• [EXERCISE DETAILS]:
Return the run of lines below that opens with the line containing "SC_2010_12_9_12_13_53_.jpg" and closes with the line containing "perle-de-jade-bague-skulls-argent-massif-925", keeping each one exact.

• [DATA EXTRACT]:
:::
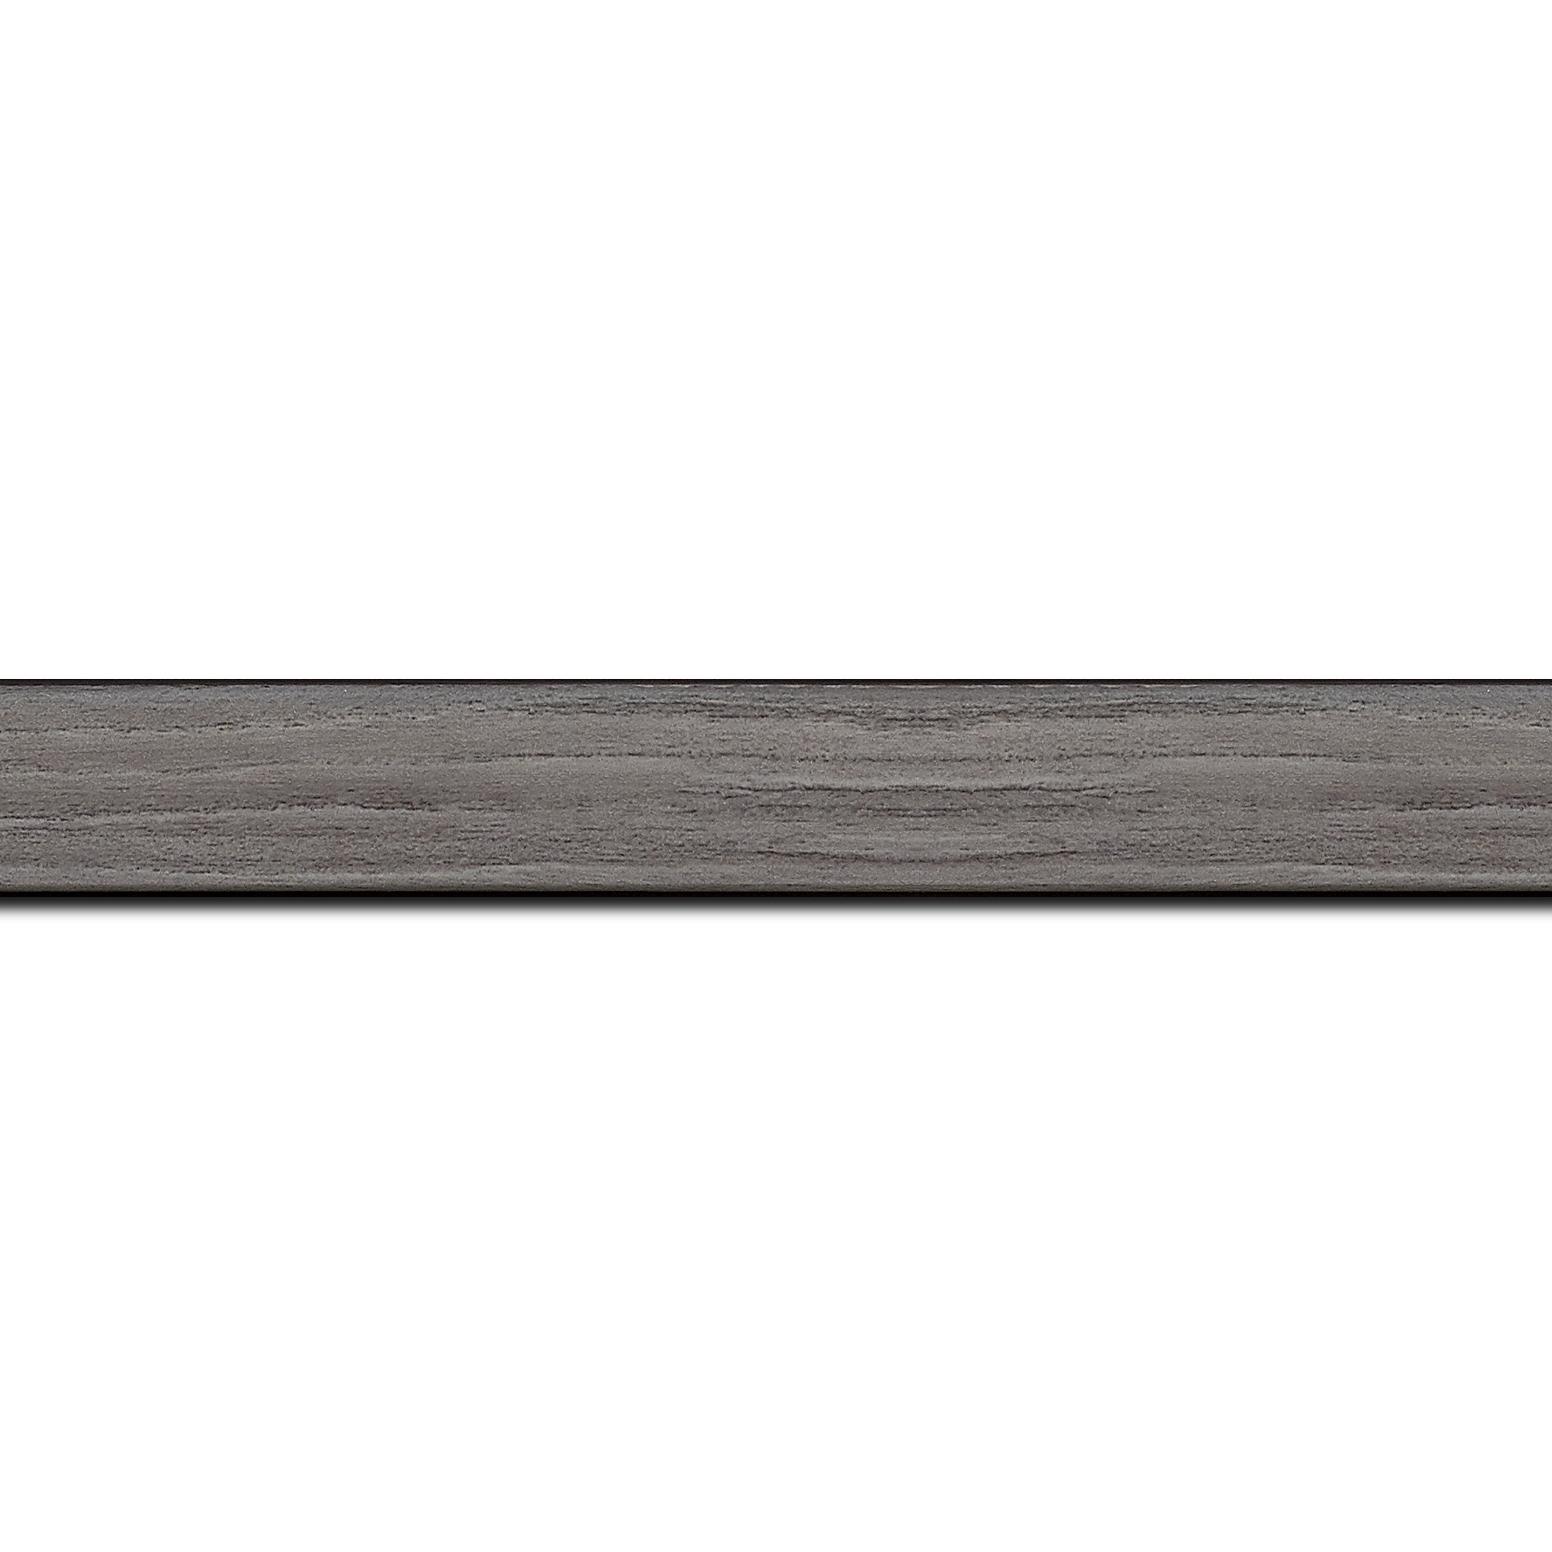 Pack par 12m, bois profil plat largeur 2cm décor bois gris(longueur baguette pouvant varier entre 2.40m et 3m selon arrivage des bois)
:::
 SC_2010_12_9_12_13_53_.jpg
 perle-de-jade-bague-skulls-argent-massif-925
:::
• [REPLY]:
 SC_2010_12_9_12_13_53_.jpg
 perle-de-jade-bague-skulls-argent-massif-925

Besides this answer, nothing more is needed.